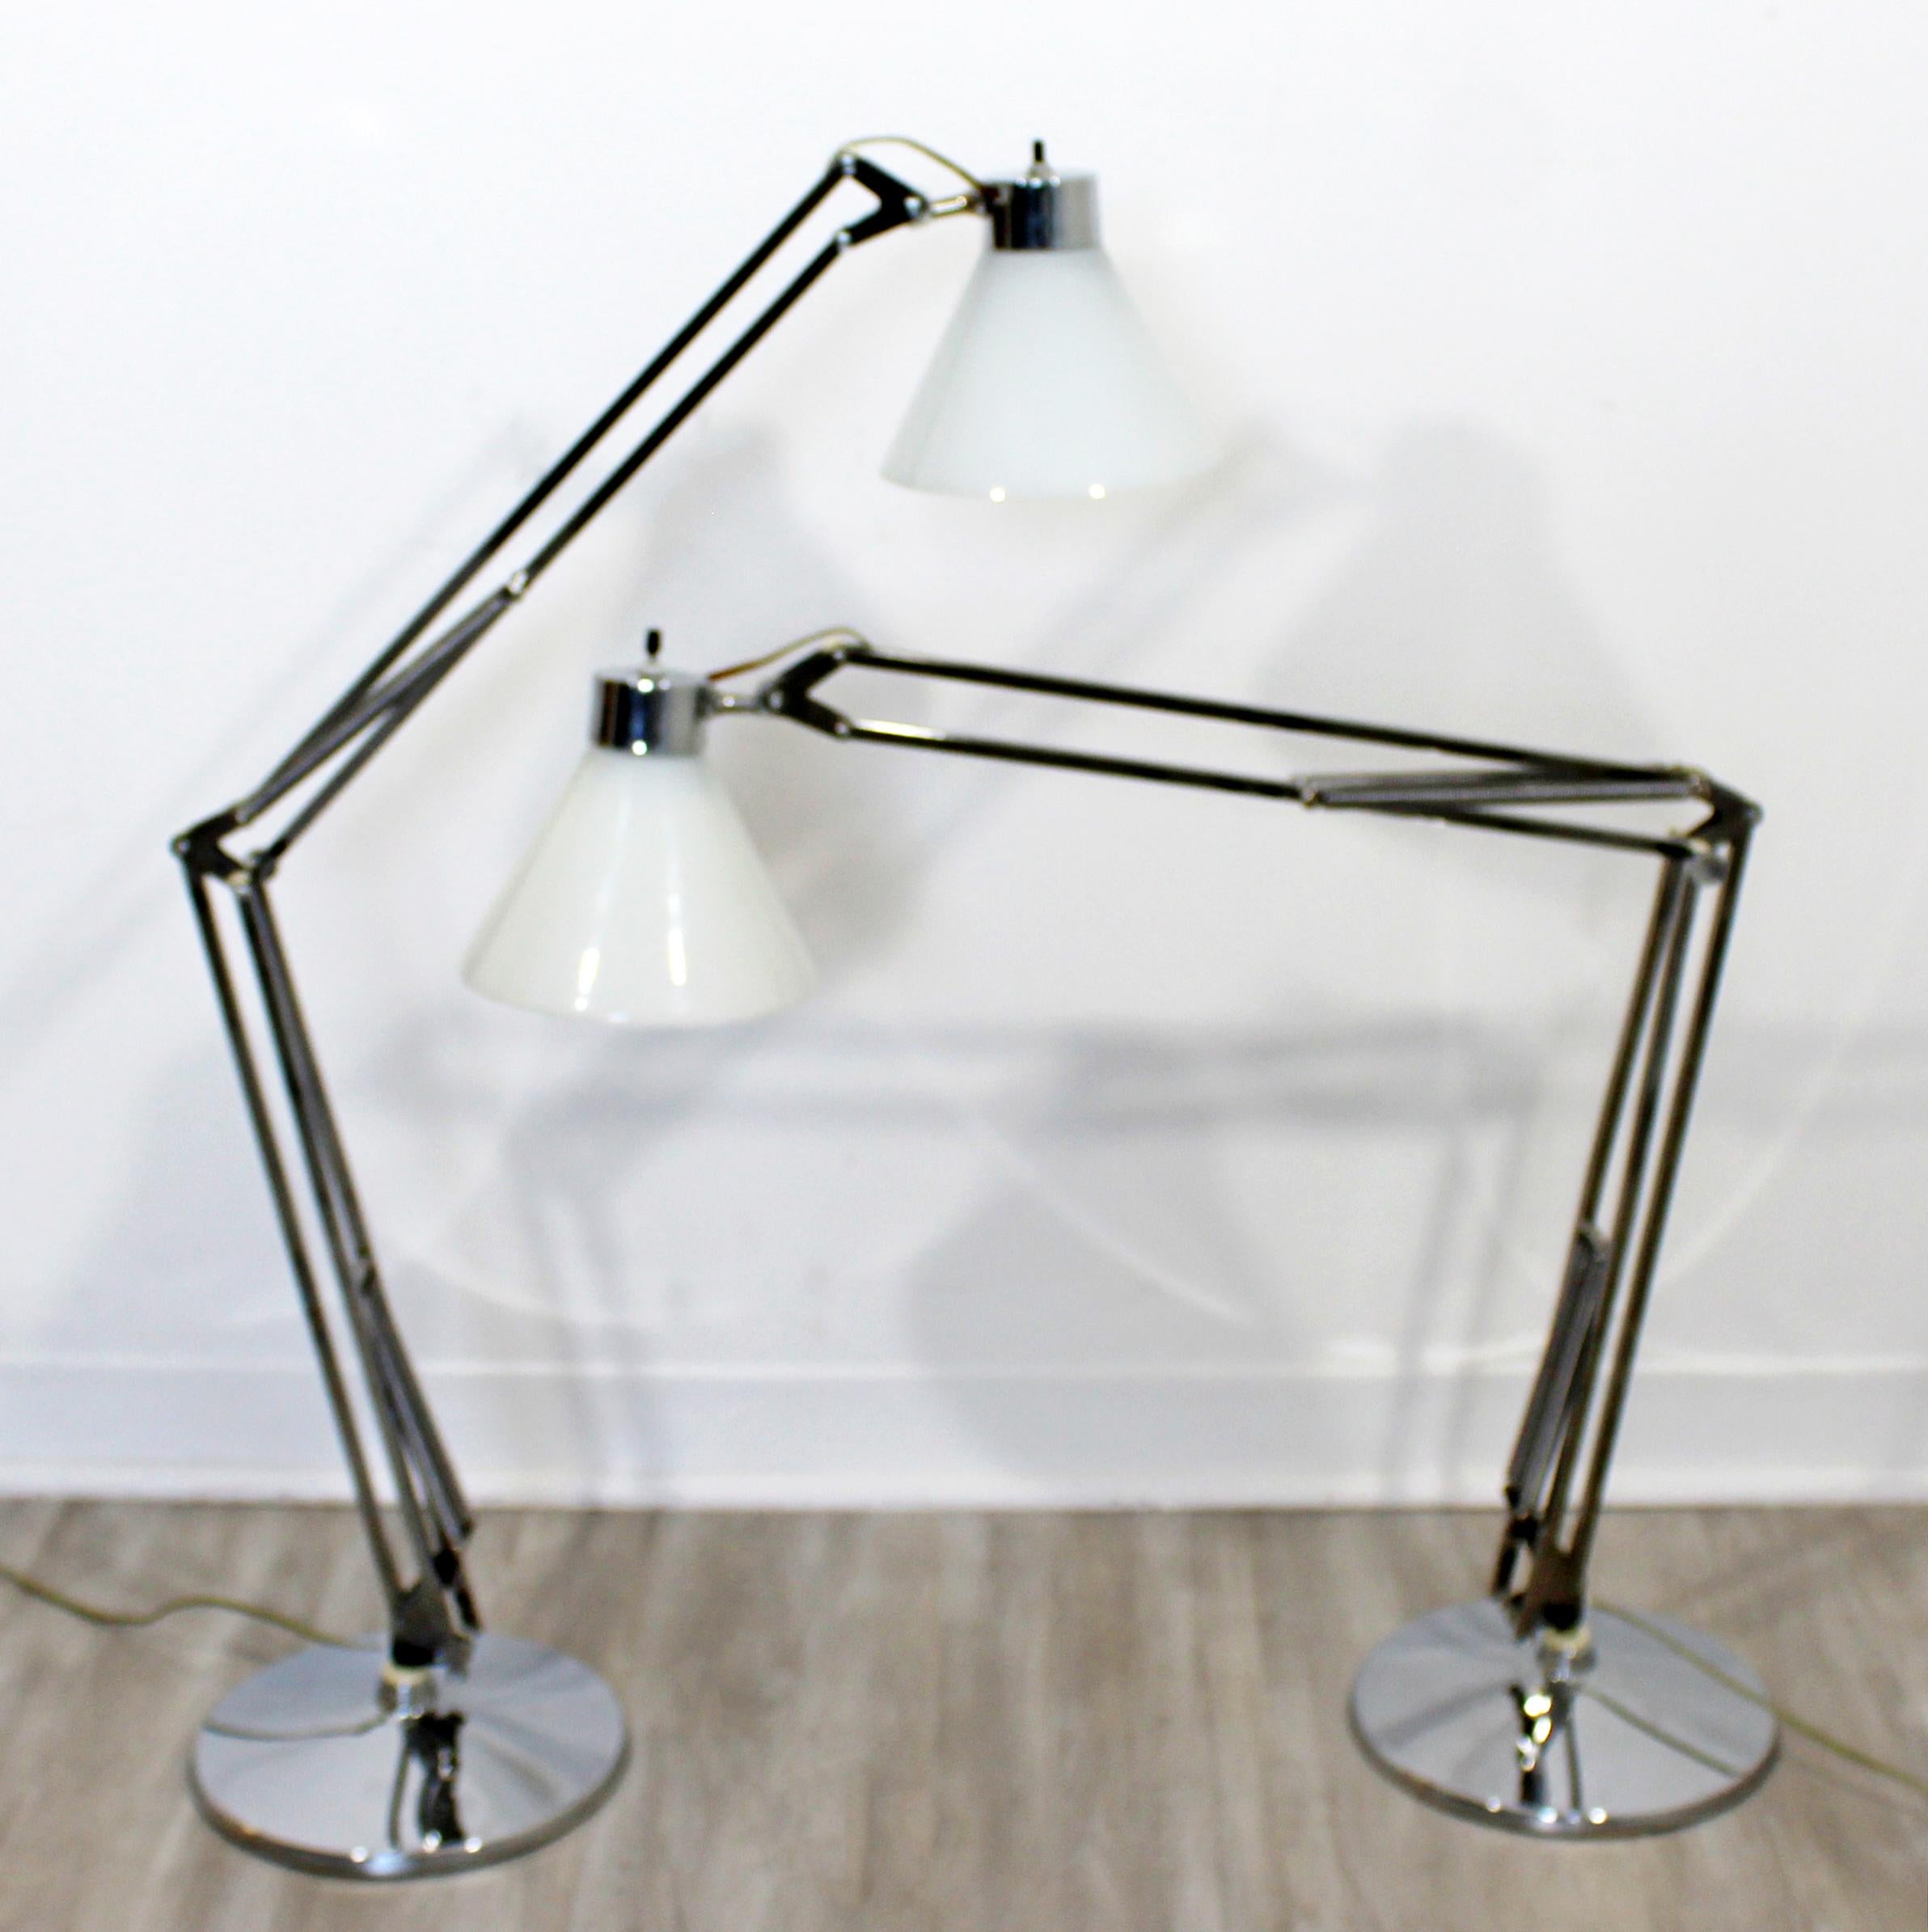 For your consideration is a stupendous pair of adjustable, chrome table lamps, with glass shades, by Luxo, circa 1960s. In excellent vintage condition. The base measures 9.5
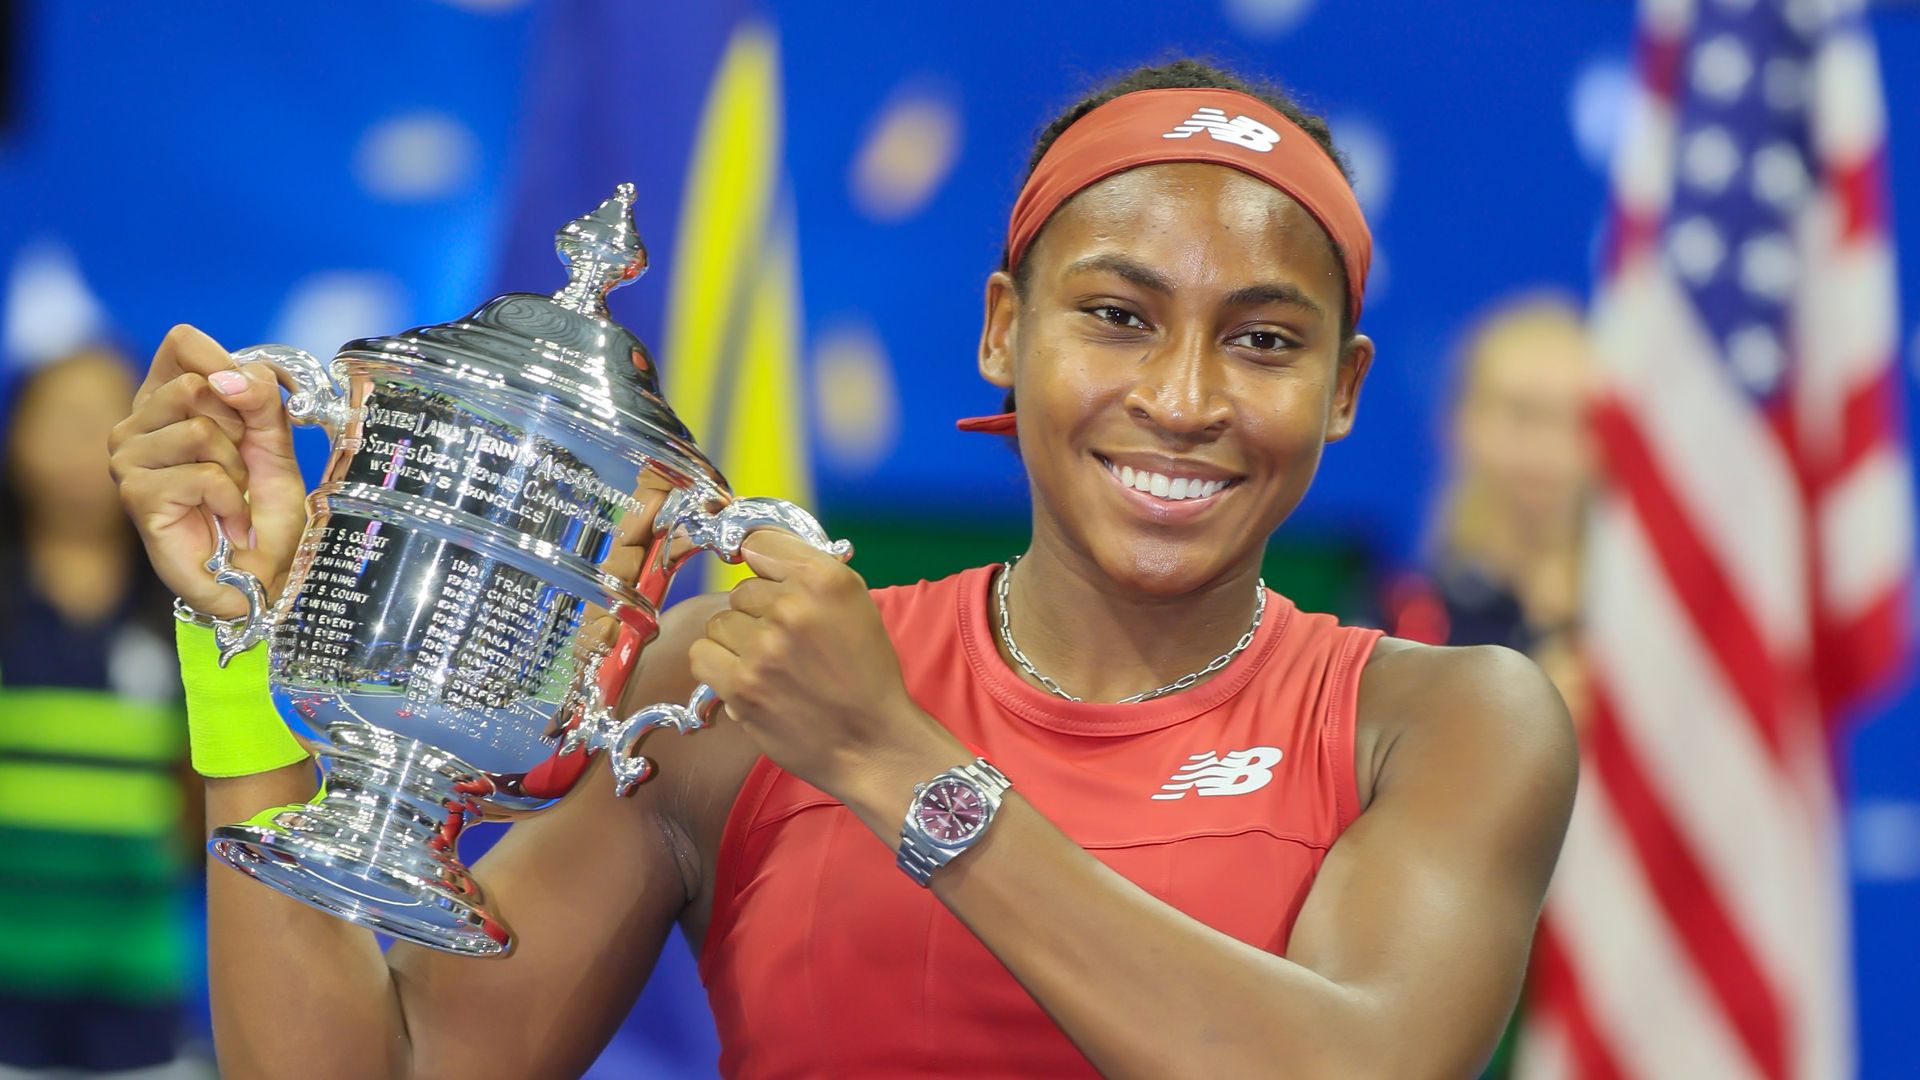 Coco Gauff holding her trophy after defeating Aryna Sabalenka to win her first grand slam in the the Women's Singles US Open Tennis Championships in New York on Sept. 9, 2023
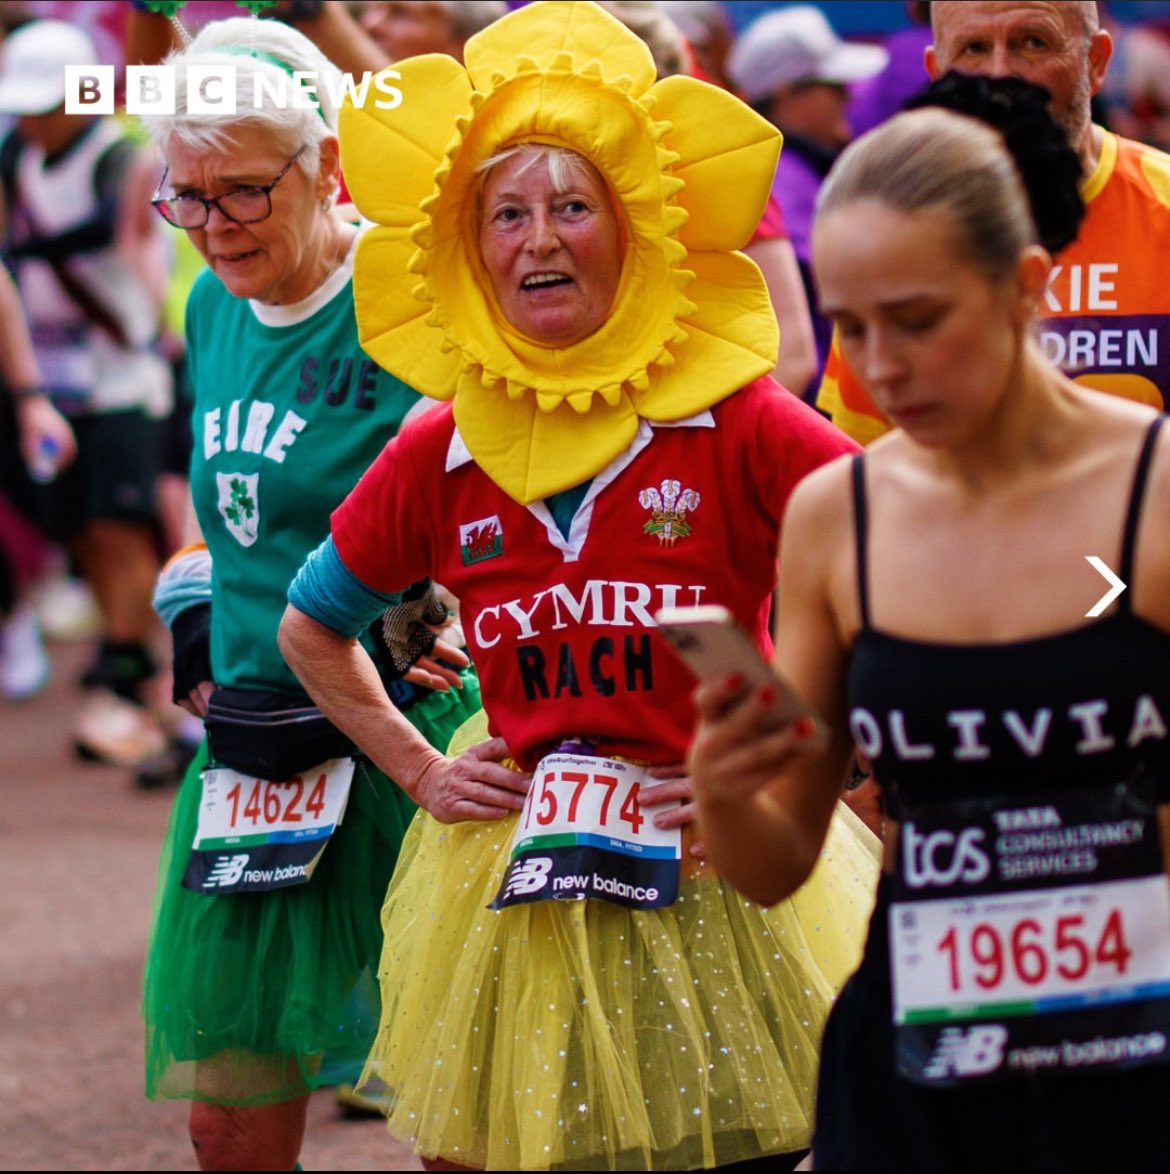 What an outfit at the @LondonMarathon 🏴󠁧󠁢󠁷󠁬󠁳󠁿🏴󠁧󠁢󠁷󠁬󠁳󠁿🏴󠁧󠁢󠁷󠁬󠁳󠁿

- - -

▸ **WHAT YOU ARE ASKED TO DO**:
Please set down, word for word, the lines starting at the line that holds "Coco Gauff holding" and running to the end of the listing, with no pictures.

▸ **ANSWER FOR THIS EXERCISE**:
 Coco Gauff holding her trophy after defeating Aryna Sabalenka to win her first grand slam in the the Women's Singles US Open Tennis Championships in New York on Sept. 9, 2023
 What an outfit at the @LondonMarathon 🏴󠁧󠁢󠁷󠁬󠁳󠁿🏴󠁧󠁢󠁷󠁬󠁳󠁿🏴󠁧󠁢󠁷󠁬󠁳󠁿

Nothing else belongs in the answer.